Once, before I was born, so goes the story, Lo Hawk grew disgruntled with village life and left. Rumors came back: he'd gone to a moon of Jupiter to dig out some metal that wormed in blue veins through the rock. Later: he'd left the Jovian satellite to sail a steaming sea on some world where three suns cast his shadows on the doffing deck of a ship bigger than our whole village.

Still later: he was reported choppping away through a substance that melted to poisonous fumes someplace so far there were no stars at all during the year long nights. When he had been away seven years, La Dire apparently decided it was time he came back. She left the village and returned a week later -with Lo Hawk. They say he hadn't changed much, so nobody asked him about where he'd been. But from his return dated the quiet argument that joined La Dire and Lo Hawk faster than love.

"... must preserve," Lo Hawk.

"... must change," La Dire.

Usually Lo Hawk gave in, for La Dire was a woman of wide reading, great culture, and wit; Lo Hawk had been a fine hunter in his youth and a fine warrior when there was need. And he was wise enough to admit in action, if not words, that such need had gone. But this time Lo Hawk was adamant:

"Communication is vital, if we are ever to become human beings. I would sooner allow some short-faced dog who comes from the hills and can approximate forty or fifty of our words to make known his wishes, than a mute child. Oh, the battles my youth has seen!
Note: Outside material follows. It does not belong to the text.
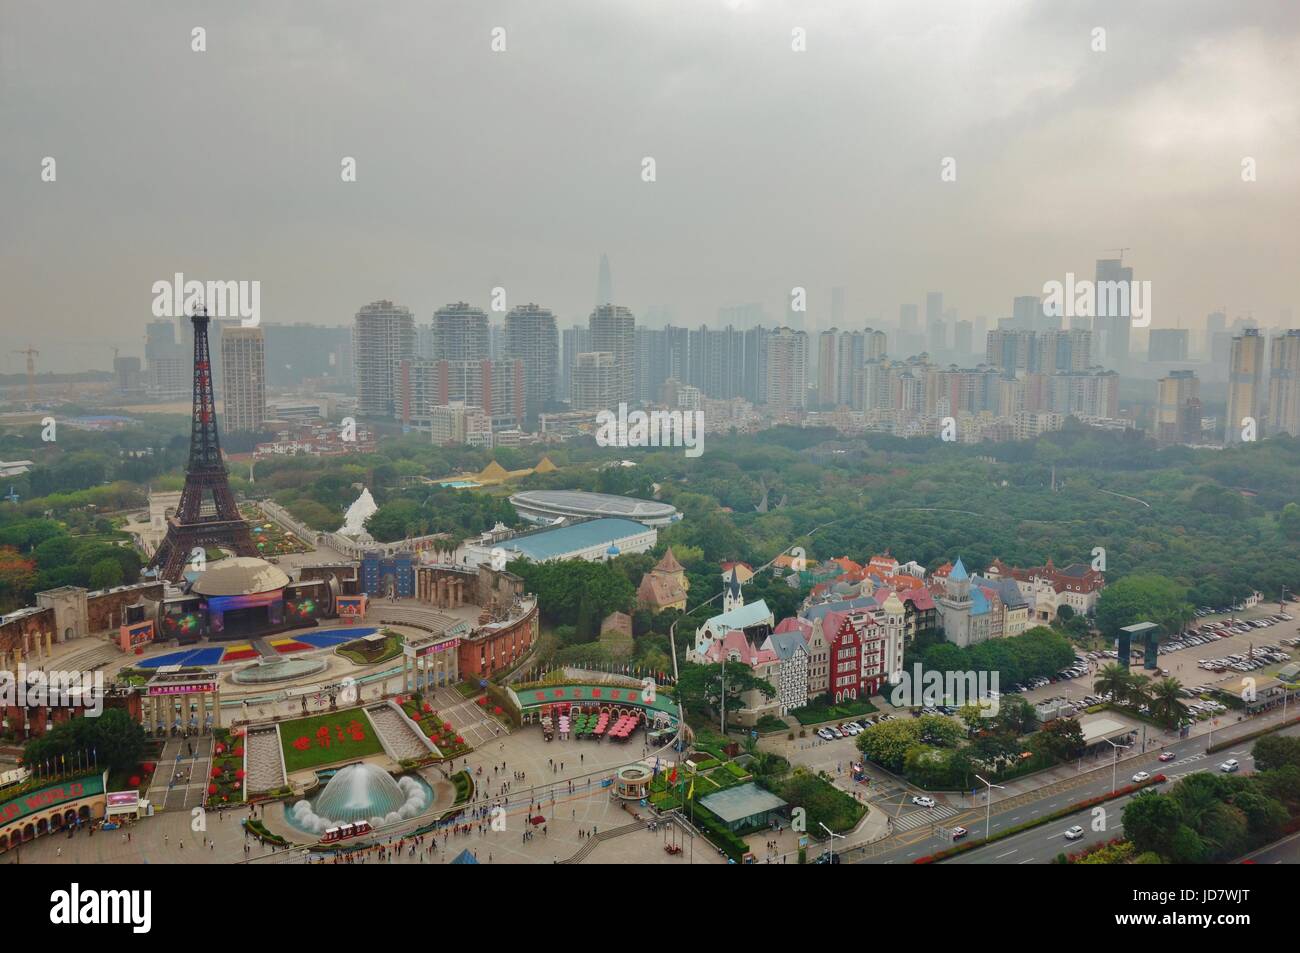 View of the Window of the World Theme Park located in Shenzhen, People's Republic of China. It includes reproductions of famous world monuments. Stock Photo
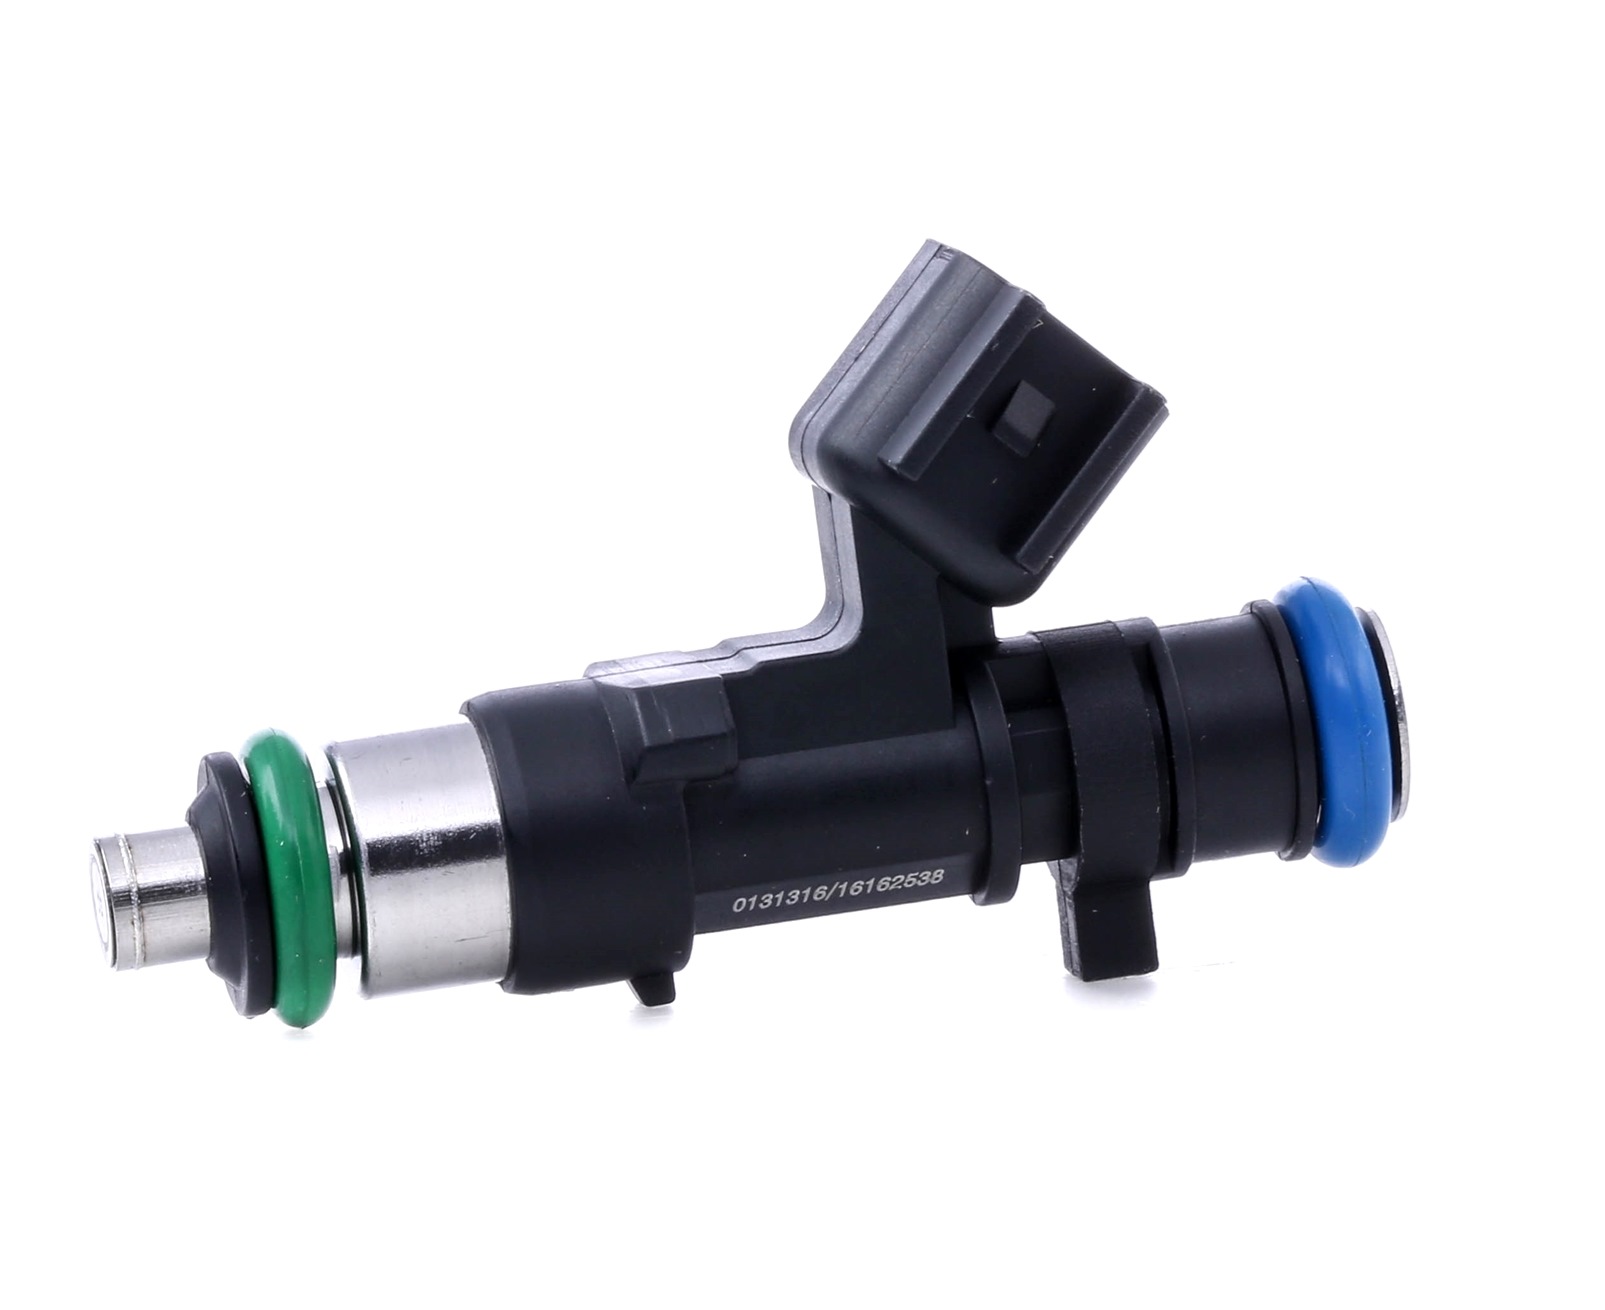 Dodge Injector Nozzle STARK SKIN-1800442 at a good price

When we fought off the giant spiders, or when the wave of fungus swept from the jungle, or when we destroyed with lime and salt the twenty-foot slugs that pushed up from the ground, we won these battles because we could speak to one another, shout instructions, bellow a warning, whisper plans in the twilit darkness of the source-caves. Yes, I would sooner give La or Lo to a talking dog! "

Somebody made a nasty comment: "Well, you couldn't very well give her a Le!"

People snickered. But the older folk are very good at ignoring that sort of irreverence. Everybody ignores a Le anyway. Anyway, the business never did get settled. Towards moondown people wandered off, when somebody suggested adjournment. Everyone creaked and groaned to his feet. Friza, dark and beautiful, was still playing with the pebbles.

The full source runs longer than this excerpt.